Seeing, Knowing, and Understanding Better

Your eyesight might not be so very bad, but, even so, being fitted with the right pair of glasses can be a revelation. You may discover that you haven’t been seeing things so clearly as you thought you were.
   The same thing happens with more knowledge about different things or more detailed knowledge about the same thing—that is, being surprised by the value or importance or the lack thereof of someone or something you thought you knew well.
   But seeing better and knowing better are still not quite the same as understanding better. You can see something more clearly and know something in more detail without necessarily understanding better.
   Christopher Columbus suspected that the world was round, not flat. That why he was convinced that he could find a better way to India and the East Indies than the long route south to the remotest tip of the African continent, around it, and sailing still further East.
   He felt vindicated once he saw the islands (of the Caribbean) and their native people who he was mistakenly sure were Indians!
   Columbus’s contributions were still great: he saw and knew important things even if he misunderstood some of them.
   That may be a pretty good description of most of us. We may see things and people, get to know them, and still profoundly misunderstand them.
   That’s why life is a never-ending process involving seeing, knowing, and understanding—which involves a never-ending process of change and development.
   It’s okay if you don’t mind not seeing so clearly—or not knowing that much about other things or people—or not understanding the what or why or how of so many things.
   But, you may be getting somethings wrong. Like Columbus, you may encounter something new and mistake it for what it is.
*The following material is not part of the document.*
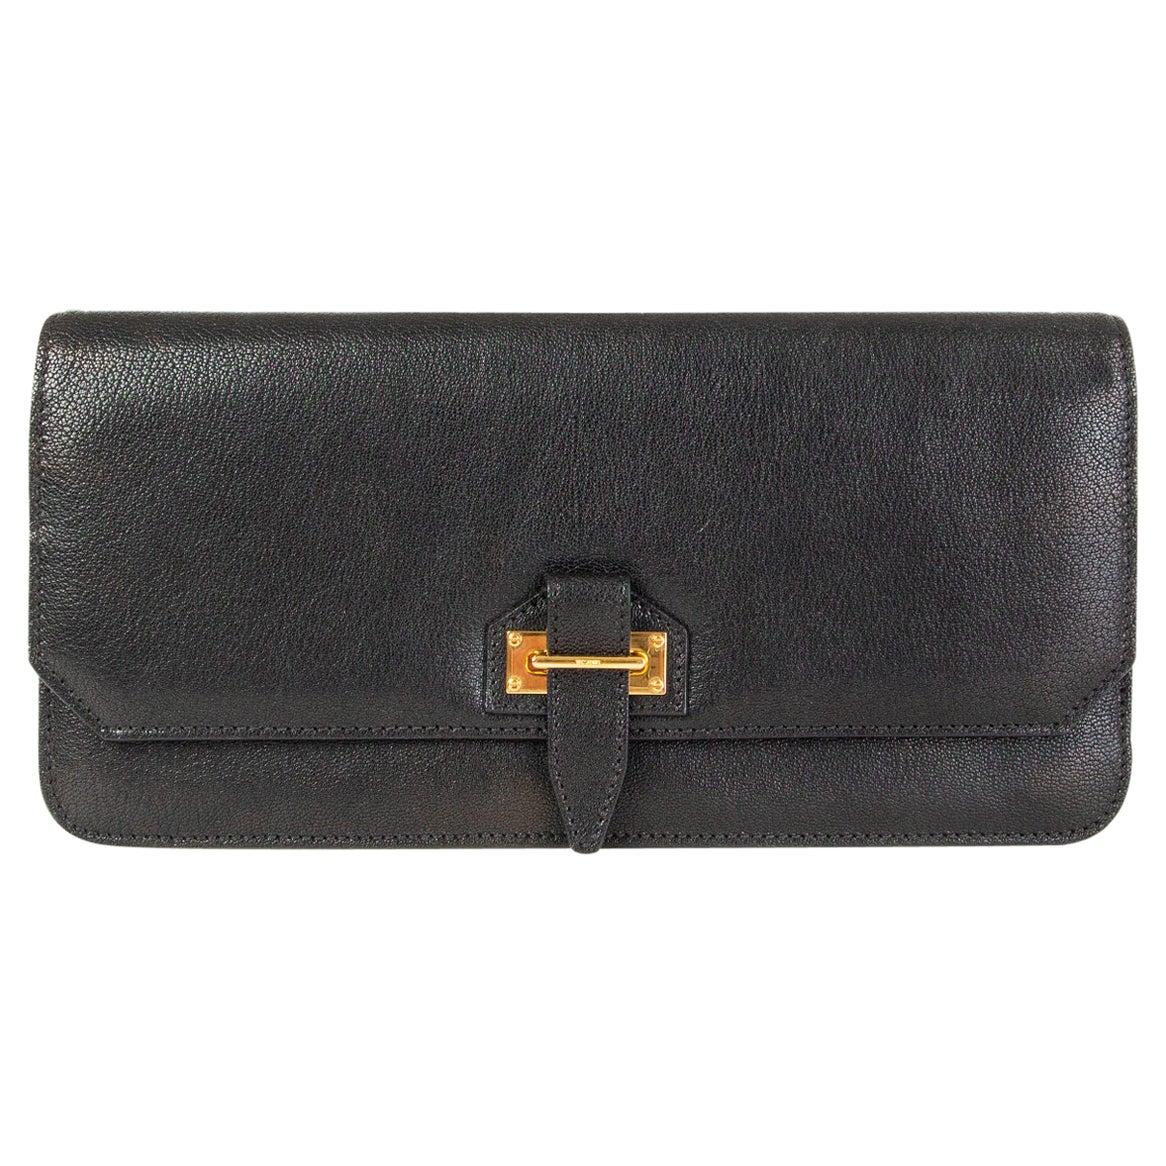 TOM FORD black leather Tab Flap Clutch Bag

   Living things are changing things. Living people are changing people. You’re always going to be challenged to see more clearly, to know more and better, and to understand things and people more deeply.
   Insights change and develop. Knowledge expands and deepens. Understanding grows and develops—and so do you and everyone else still alive and kicking!
   This includes beliefs, religion, God, right, wrong, good, and bad. Our customs, faith, and understandings constantly change and develop.
   Like Columbus, we may celebrate that some of our ideas were fundamentally right, even though we still may mistake a lot of the details about where we are and who really are the people we’re encountering.
   We may venerate the Bible and still at the same time no longer believe some of things people believed many centuries ago. Hopefully, that’s progress and development—even though sometimes we get it wrong, not right!
   What do we really understand about God? Who really is Jesus? Does everything his followers say, teach, and do really reflect his teachings? Do we always, frequently, sometimes, or rarely get it right when we encounter a new place, new people, new ideas, or new directions?
   Our change and development in all things is never-ending. New people, new things, new insights are our daily diet.
   Are you tired of it all, do you wish it would stop, do you want everything to be just like you remember it? If you do, beware! You may be yearning for life’s end.
   Life involves change and development. If you stop changing and developing, it’s over!


10 April 2022

Discovering England

I always associate Gilbert K. Chesterton’s great book, “Orthodoxy” with the odd but provocative sort of metaphor he used in its introductory chapter about the “English yachtsman who slightly miscalculated his course and discovered England under the impression that it was a new island in the South Seas.”
   It set the tone for the whole, following work. As Chesterton went on to say about his voyager who sailed and searched all around the world and then discovered the riches of what was right under his nose at home, “How can we contrive to be at once astonished at the world and yet at home in it?”
   The challenge of each of our lives is not really about our being at home in the world, but about our being astonished at it—or, rather, our failure to be astonished at it!
   It’s not that “familiarity breeds contempt” (Chaucer), but more that familiarity breeds indifference, taking things for granted, not marveling at the wonder, greatness, and gift of the world and our lives in it.
   If you’re tempted to puzzle over why the world situation is what it is, why there are so many problems unsolved, why things seem to be going from better to worse, try turning off the (bad) news programs and really looking at yourself in the mirror.
   Why me? What’s the expectation for me? How come there is a me? Where is my life going? How much more of it will I have? How can I pick up the broken pieces of it and continue?
   The challenge for us bedazzled viewers, listeners, readers, travelers is to stop! to stop and think! to stop and thank!
   We don’t want to be remembered as “much ado about nothing”.
   For starters, how come you exist, really? Why were you born? Where is your life going? Are you asleep at the wheel? How much longer and more will it take?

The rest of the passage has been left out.